Classification models for disease: the effect of associations between markers on calculating the risk for disease by likelihood ratio products

Clin Exp Rheumatol. 2009 Mar-Apr;27(2):272-6.

Abstract

Objectives: The risk for disease or a bad prognosis can be calculated by means of prediction or classification models that take into account multiple variables. Different methods exist to construct such models. Some of those methods, including the likelihood ratio (LR) product method neglect dependency between variables.
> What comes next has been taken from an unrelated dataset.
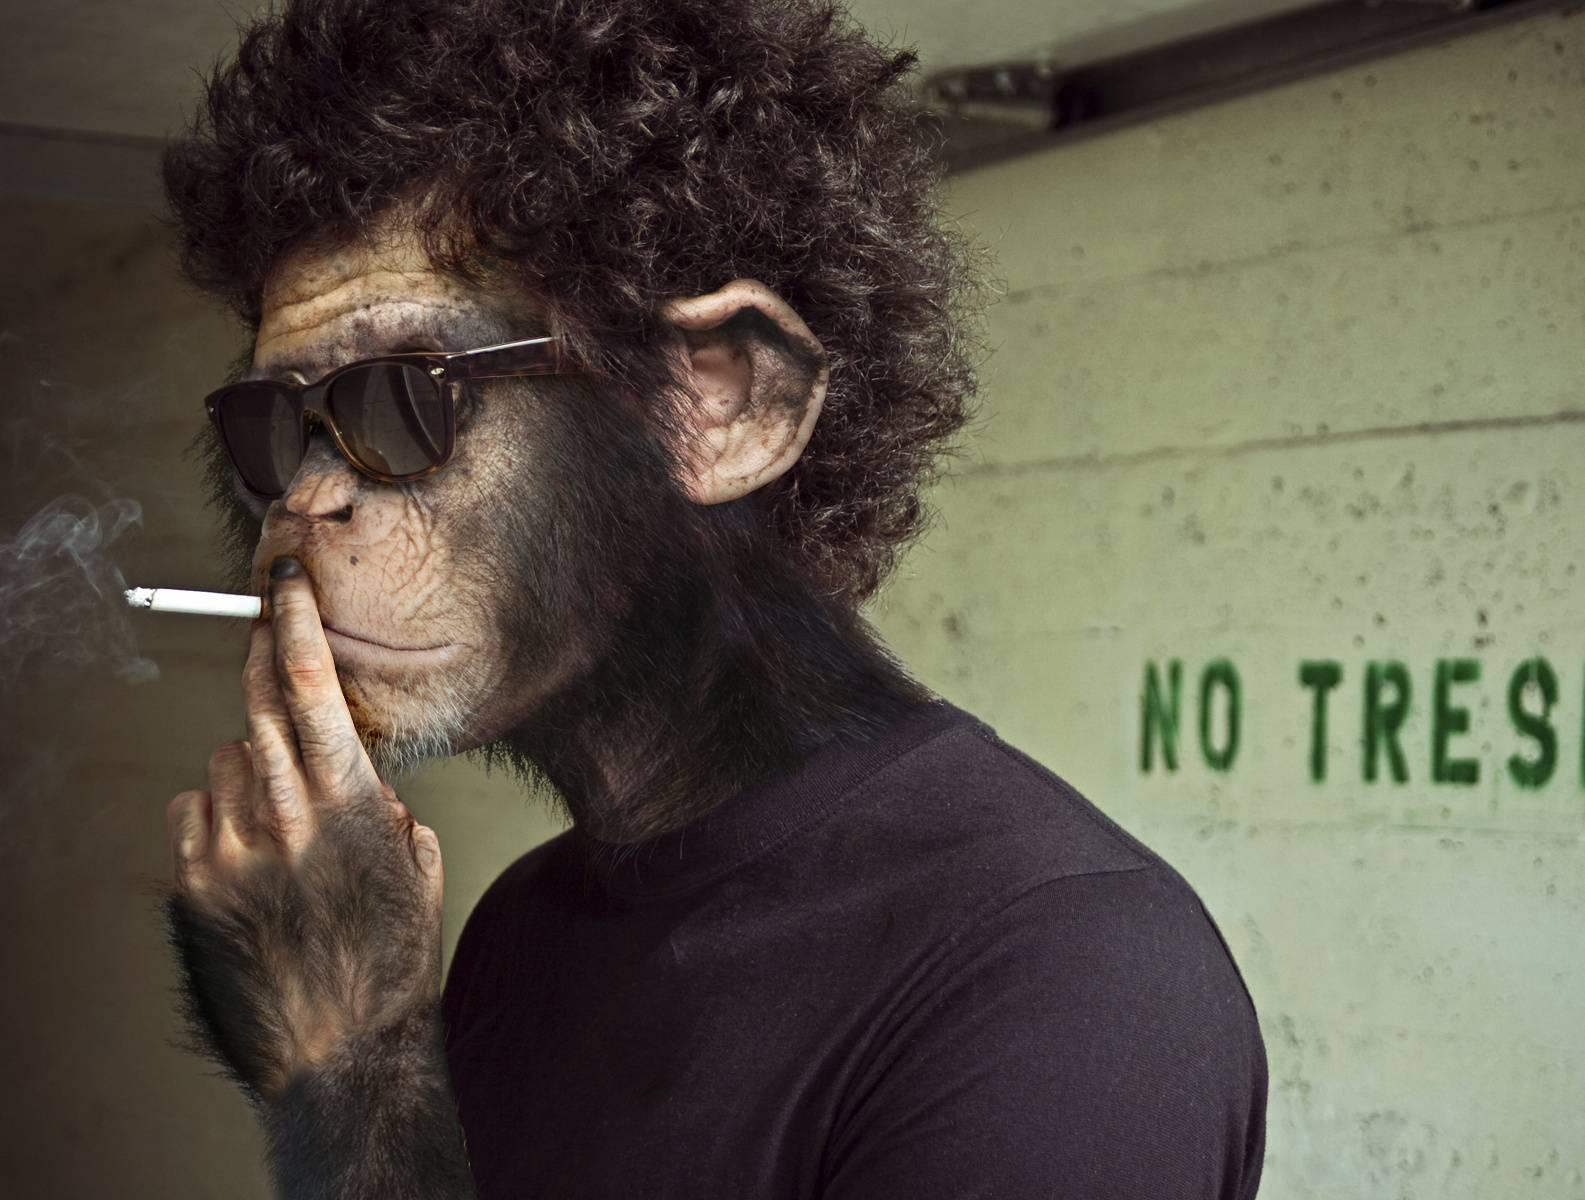 monky smoking

We aimed to evaluate the effect of neglecting dependency between variables in prediction or classification models.

Patients and methods: Population I consisted of 1003 consecutive patients with a new diagnostic problem for which RA was included in the differential diagnosis and final diagnoses (RA or non-RA) were established after 1 year. The baseline variables included in the model are rheumatoid factor, anti-citrullinated protein/peptide antibodies and the HLA-shared epitope. Population II consisted of 847 patients with definite ankylosing spondylitis (AS). Six variables (psoriasis, inflammatory bowel disease, uveitis, HLA-B27 status and latest available CRP) were evaluated. Here, specificities of the features were derived from literature and different scenarios of association between variables in controls and diseased are estimated.

Results: When two features are similarly associated in cases and controls, risks for disease will be overestimated by neglecting dependency between variables. In the presented datasets, this resulted in a up to 12% overestimation of the risk.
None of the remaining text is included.